TRAIS-Lab / dattri

`dattri` is a PyTorch library for developing, benchmarking, and deploying efficient data attribution algorithms.
https://trais-lab.github.io/dattri/
MIT License
27 stars 8 forks source link

Implemented retrain_loo and calculate_loo_groundtruth. #16

Closed charles-pyj closed 5 months ago

charles-pyj commented 5 months ago

1. Motivation and Context

retrain_loo

We would like to provide the users with a leave-one-out function that retrains and saves the models in a certain format for further uses. The training function is specified by the users and our function is in charge of splitting the data into leave-one-out subsets and call the user-specified training function to retrain and models and then save the models.

calculate_loo_groundtruth

After the user called retrain_loo and thus generates a directory of retrained LOO models, calculate_loo_groundtruth is capable of calculating the ground-truth values. The target function for groundtruth is user-specific, e.g. accuracy for binary classification or cross-entropy loss for softmax regression.

2. Summary of change

retrain_loo

We first manipulate the input dataloader and generate a list of lists where each of them represents a LOO subset of the full indices. We than subset the dataloader and call user-specified training function. We also keep track of the excluded indices, saved directories, etc. in the metadata which we will save at the root directory that user provides. We return None, as the function is only in charge of saving the models.

calculate_loo_groundtruth

Under the directory structure generated by retrain_loo, we first read in all the models and call user-specified target functions to generate ground truth values. We return the result as well as a list of excluded indices.

3. What tests have been added/updated for the change?

We will add test functions for logistic regression and CNN on MNIST dataset for testing. We will also deliver the retrained models.

xingjian-zhang commented 5 months ago

Hi @charles-pyj! Thanks for the effort.

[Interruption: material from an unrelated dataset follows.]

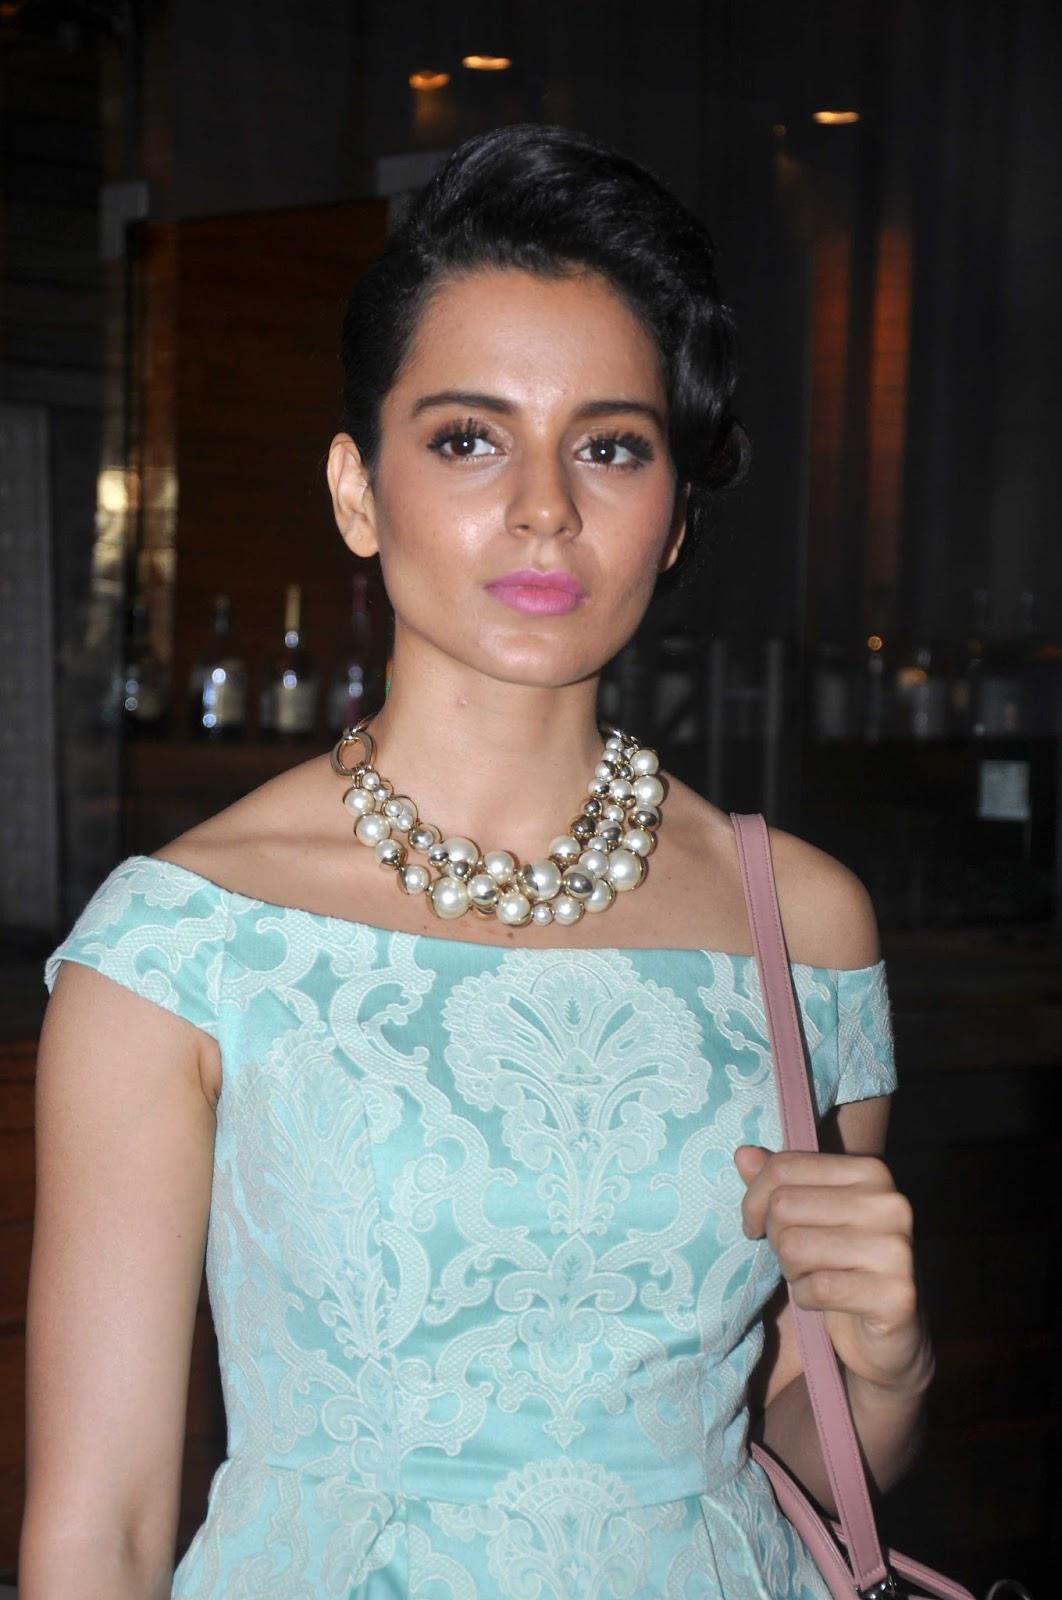 Bollywood Film Celebrity Kangana Ranaut Spicy HQ Images - mass420 - 21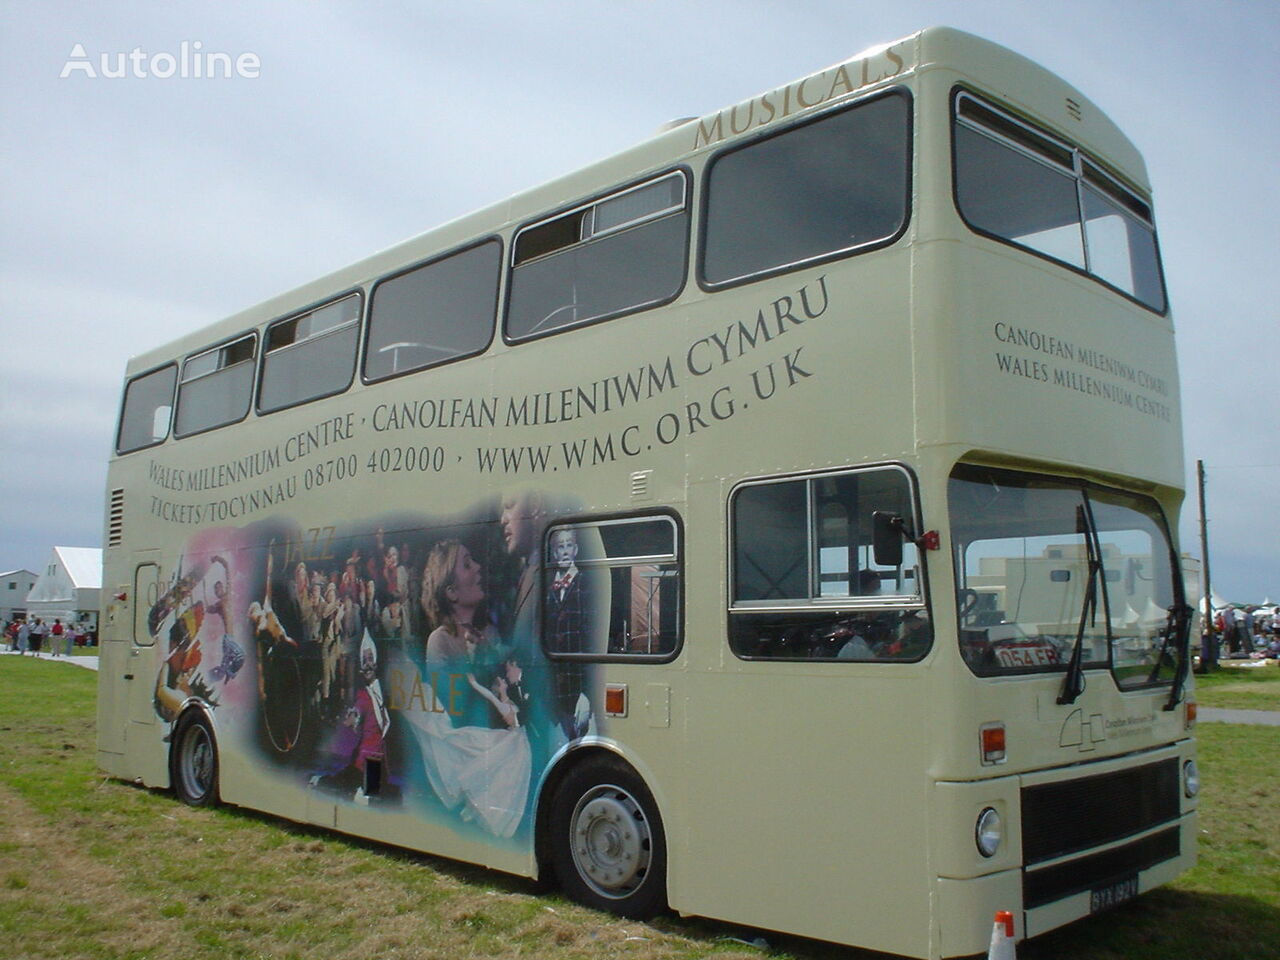 MCW METROBUS British Double Decker Bus Marketing Exhibition Training autobús de dos pisos

Please let me know (@ me) when this PR is ready for review.

charles-pyj commented 5 months ago

Hi @xingjian-zhang ! We believe apart from some formatting issues our PR is ready for review!

charles-pyj commented 5 months ago

Hi @xingjian-zhang thanks for the review! I have updated the code for more clarity. That being said, I still cannot pass Darglint due to DAR202. This is because retrain is supposed to return None but the keyword None is not recognized by Darglint. If I input nothing after the "Returns:" I cannot pass ruff. Are there any way to get around these checks?

xingjian-zhang commented 5 months ago

Hi @xingjian-zhang thanks for the review! I have updated the code for more clarity. That being said, I still cannot pass Darglint due to DAR202. This is because retrain is supposed to return None but the keyword None is not recognized by Darglint. If I input nothing after the "Returns:" I cannot pass ruff. Are there any way to get around these checks?

I guess you could try to remove the Return section in docstring since the function does not return anything?

xingjian-zhang commented 5 months ago

LGTM. If there is no other changes, we can merge it.